ART. 38.—Liquidación de pensión de invalidez para el personal de oficiales, suboficiales, agentes, y personal del nivel ejecutivo de la Policía Nacional. Cuando mediante junta médico-laboral o tribunal médico-laboral de revisión militar y de policía, haya sido determinada una disminución de la capacidad laboral igual o superior al 75%, ocurrida durante el servicio, el personal a que se refiere el presente artículo, tendrá derecho, mientras subsista la incapacidad, a una pensión mensual, valorada y definida de acuerdo con la reglamentación que expida para el efecto el Gobierno Nacional, liquidada con base en las partidas establecidas en las normas que regulen la materia y de conformidad con los porcentajes que a continuación se señalan:// a. El setenta y cinco por ciento (75%) de dichas partidas, cuando la disminución de la capacidad laboral sea igual o superior al setenta y cinco por ciento (75%) y no alcance el ochenta y cinco por ciento (85%). // b. El ochenta y cinco por ciento (85%) de dichas partidas, cuando la disminución de la capacidad laboral sea igual o superior al ochenta y cinco por ciento (85%) y no alcance el noventa y cinco por ciento (95%). // c. El noventa y cinco por ciento (95%) de dichas partidas, cuando la disminución de la capacidad laboral sea igual o superior al noventa y cinco por ciento (95%). // PAR. 1º—Cuando el porcentaje de pérdida de la capacidad laboral no sea igual o superior al 75%, no se generará derecho a pensión de invalidez. // PAR. 2º—El personal civil al servicio del Ministerio de Defensa Nacional y de las Fuerzas Militares y el personal no uniformado de la Policía Nacional, vinculado con anterioridad a la vigencia de la Ley 100 de 1993, continuará rigiéndose, en lo referente a las pensiones de invalidez, por las normas pertinentes del Decreto 94 de 1989. //

ART. 39.—Liquidación de pensión de invalidez del personal vinculado para la prestación del servicio militar obligatorio y para los soldados profesionales.
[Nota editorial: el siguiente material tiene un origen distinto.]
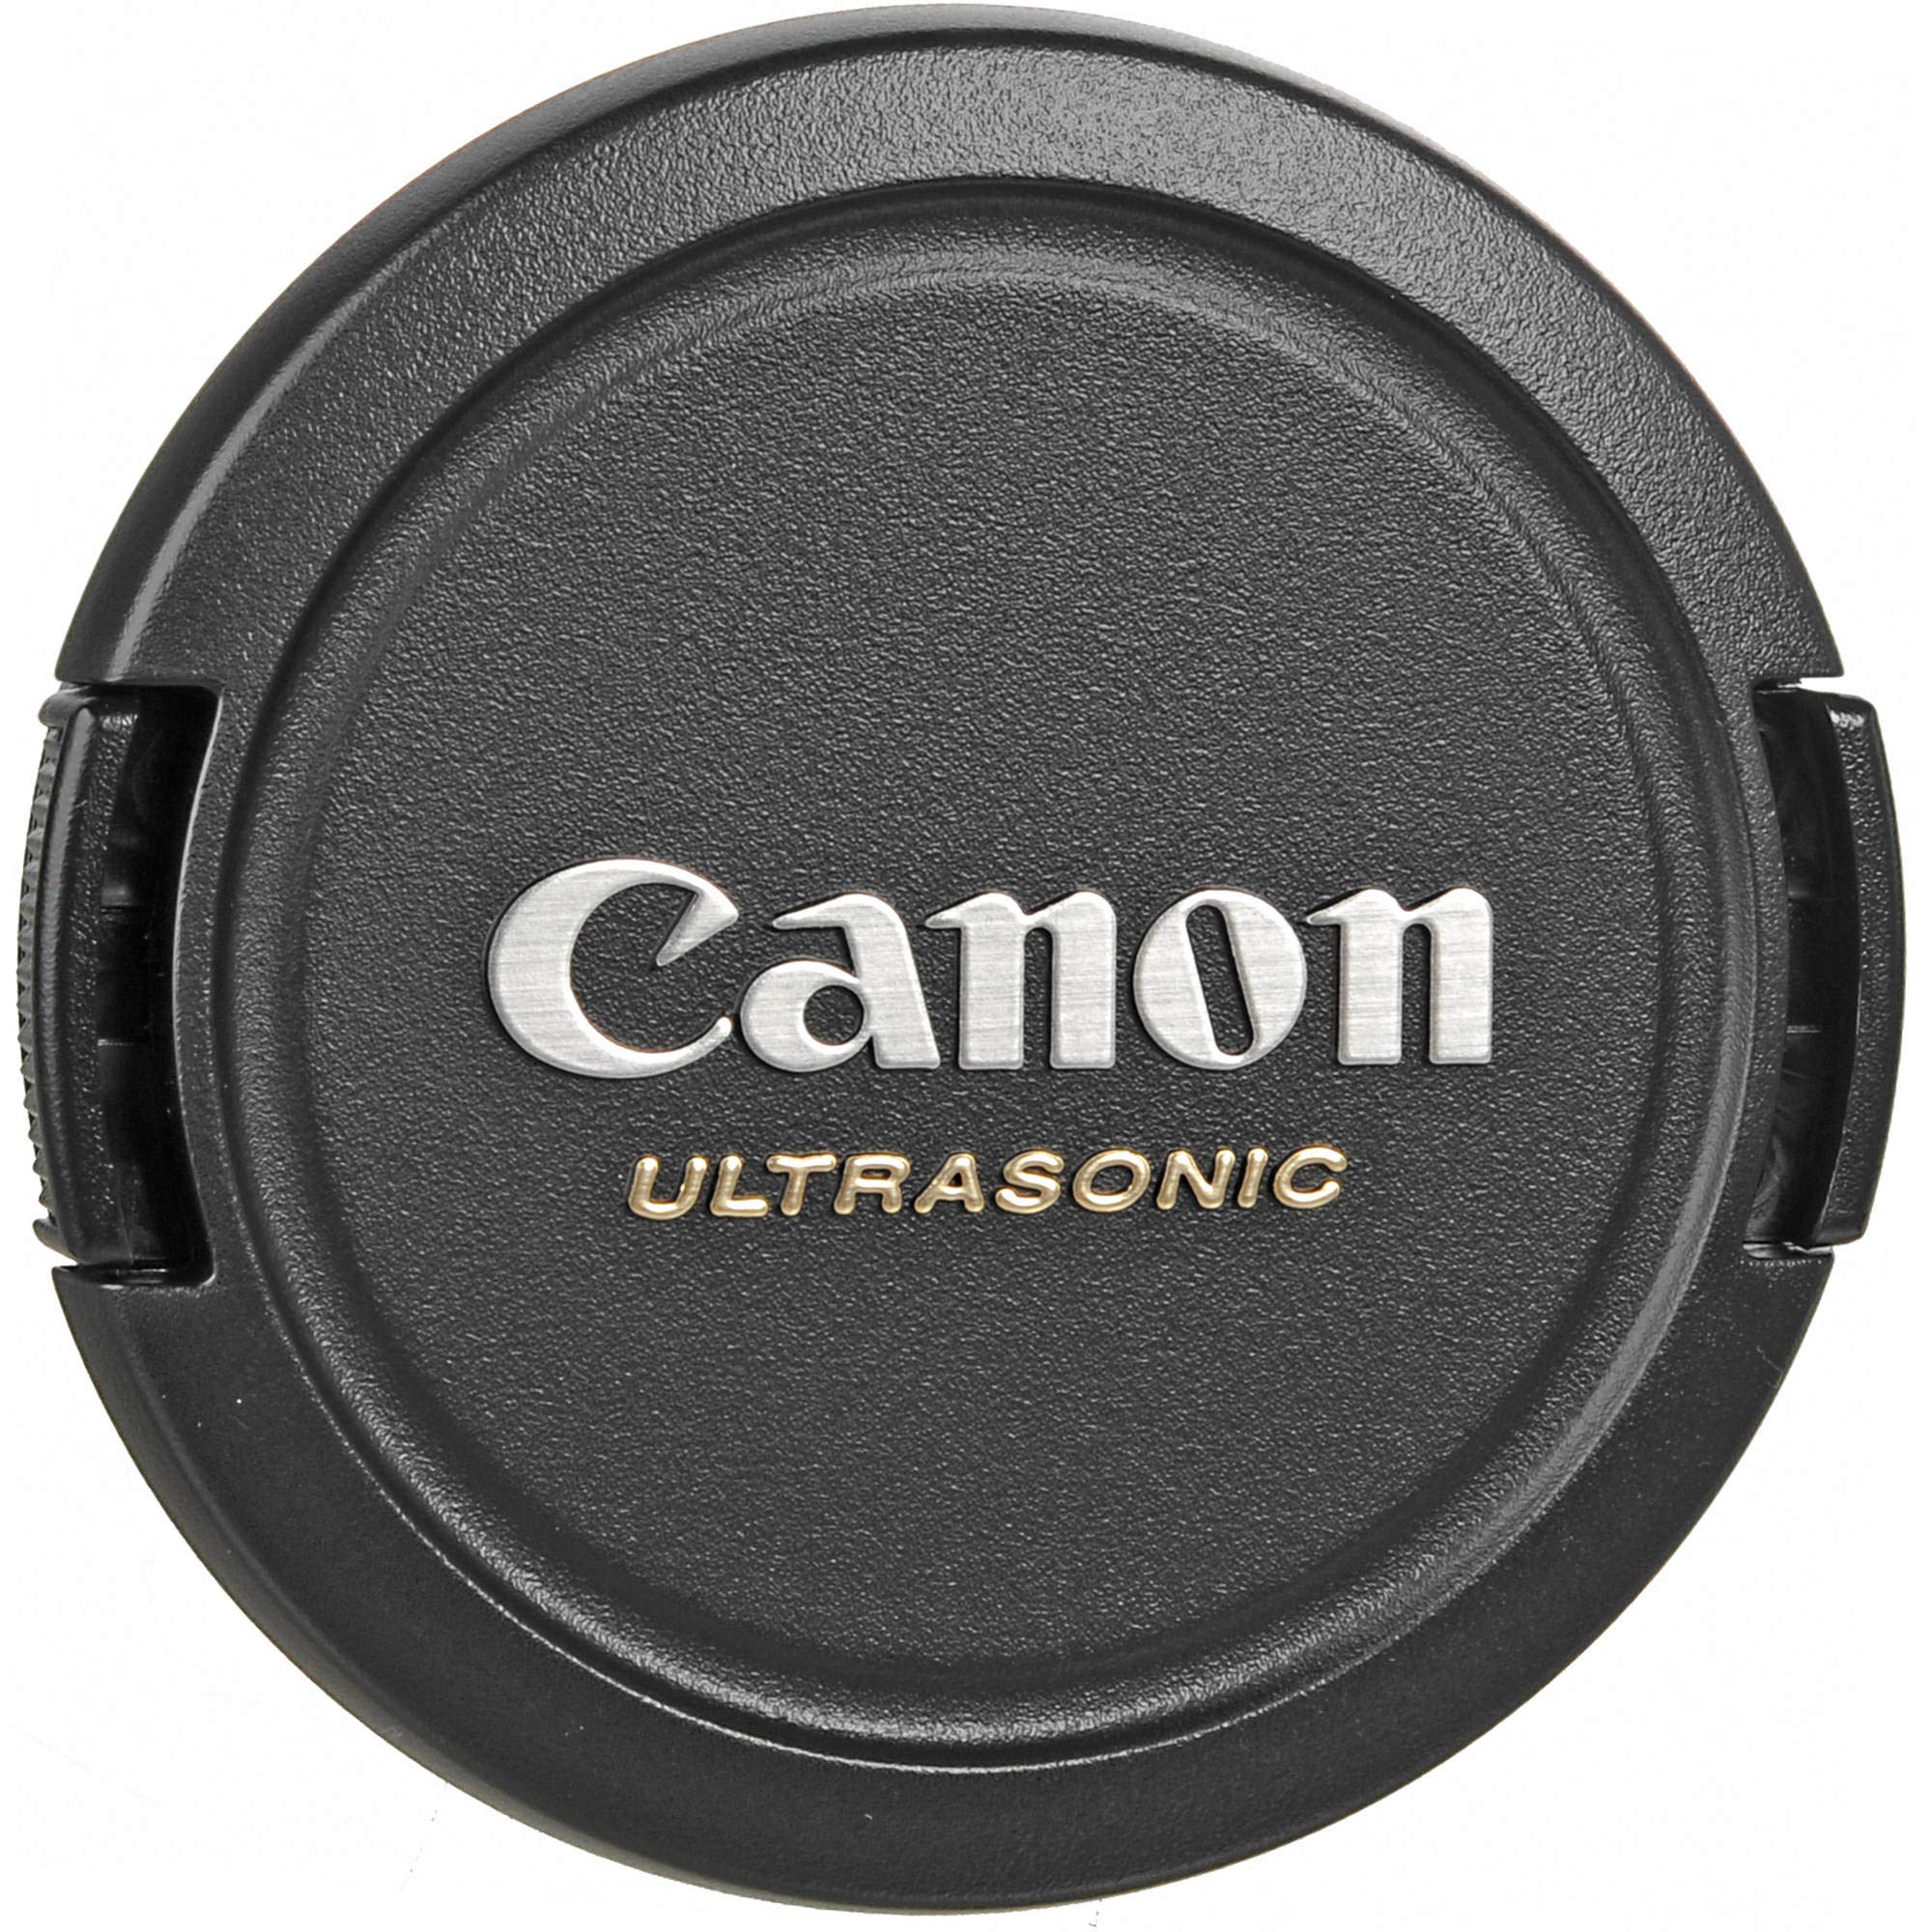 Canon EF 50mm f/1.4 USM Camera Lens + Cleaning Kit
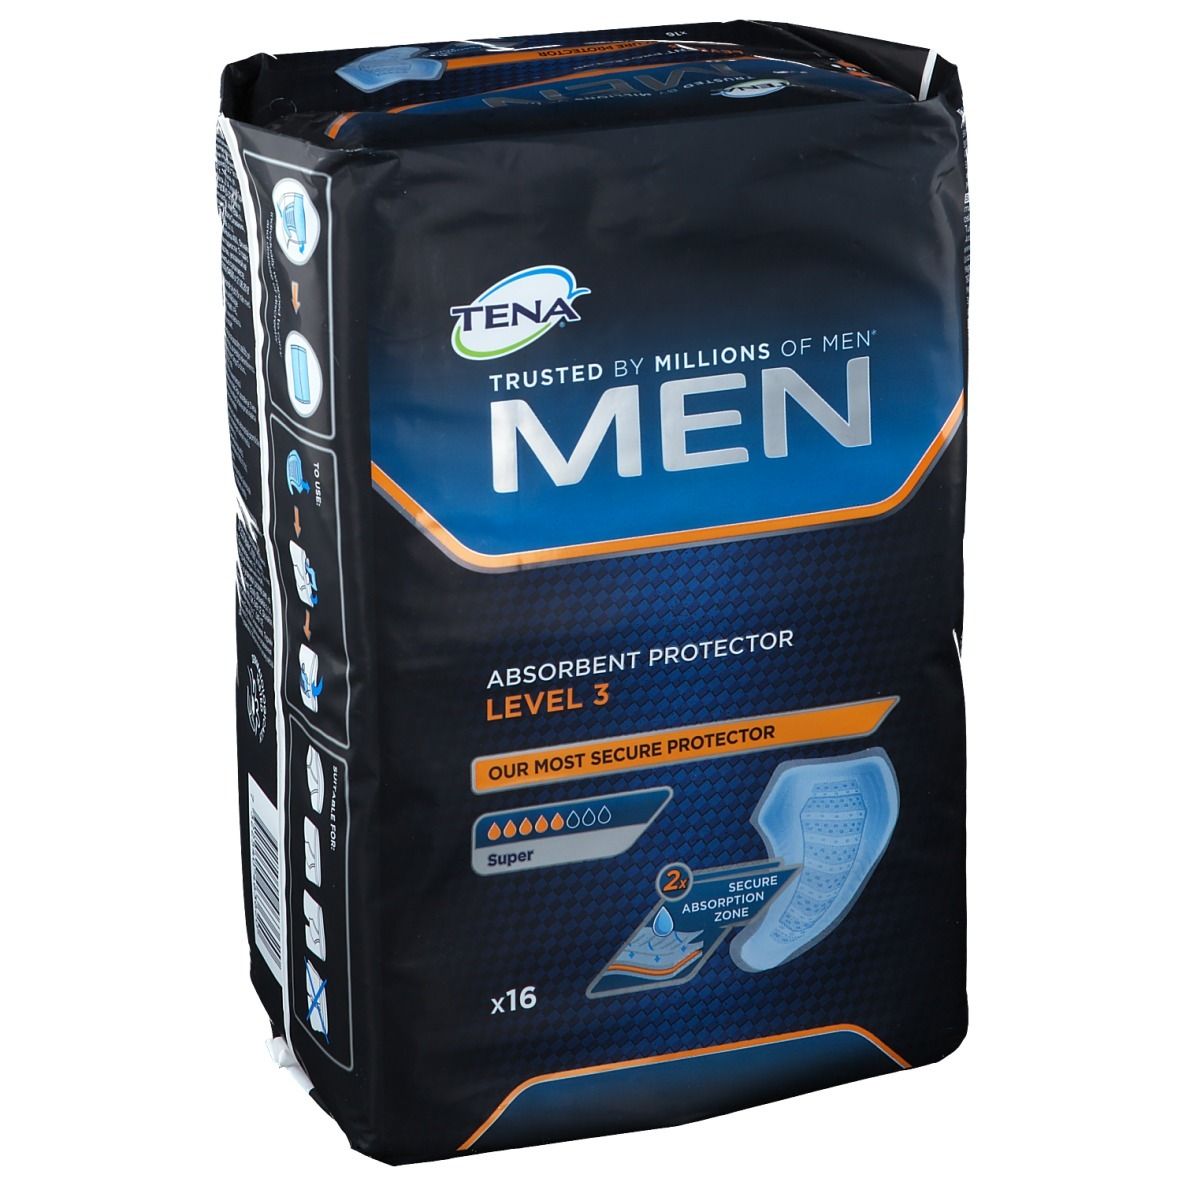 Tena® MEN Absorbent Protection Level 3

Cuando el personal de que trata el presente artículo adquiera una incapacidad durante el servicio que implique una pérdida igual o superior al 75% de su capacidad laboral, tendrá derecho mientras subsista la incapacidad, a una pensión mensual valorada y definida de acuerdo con la reglamentación que expida el Gobierno Nacional para el efecto, y liquidada como a continuación se señala:// a. El setenta y cinco por ciento (75%) del salario que se señala en el parágrafo 1º del presente artículo, cuando la disminución de la capacidad laboral sea igual o superior al setenta y cinco por ciento (75%) y no alcance el ochenta y cinco por ciento (85%). // b. El ochenta y cinco por ciento (85%) del salario que se señala en el parágrafo 1º del presente artículo, cuando la disminución de la capacidad laboral sea igual o superior al ochenta y cinco por ciento (85%) y no alcance el noventa y cinco por ciento (95%) c. El noventa y cinco por ciento (95%) del salario que se señala en el parágrafo 1º del presente artículo, cuando la disminución de la capacidad laboral sea igual o superior al noventa y cinco por ciento (95%). // PAR. 1º—La base de liquidación de la pensión del personal vinculado para la prestación del servicio militar obligatorio será el sueldo básico de un cabo tercero o su equivalente en la Policía Nacional. // PAR. 2º—Para los soldados profesionales, la base de liquidación será igual a la base de cotización establecida en el régimen de carrera y estatuto del personal de soldados profesionales. // PAR. 3º—Cuando el porcentaje de pérdida de la capacidad laboral no sea igual o superior al 75% no se generará derecho a pensión de invalidez.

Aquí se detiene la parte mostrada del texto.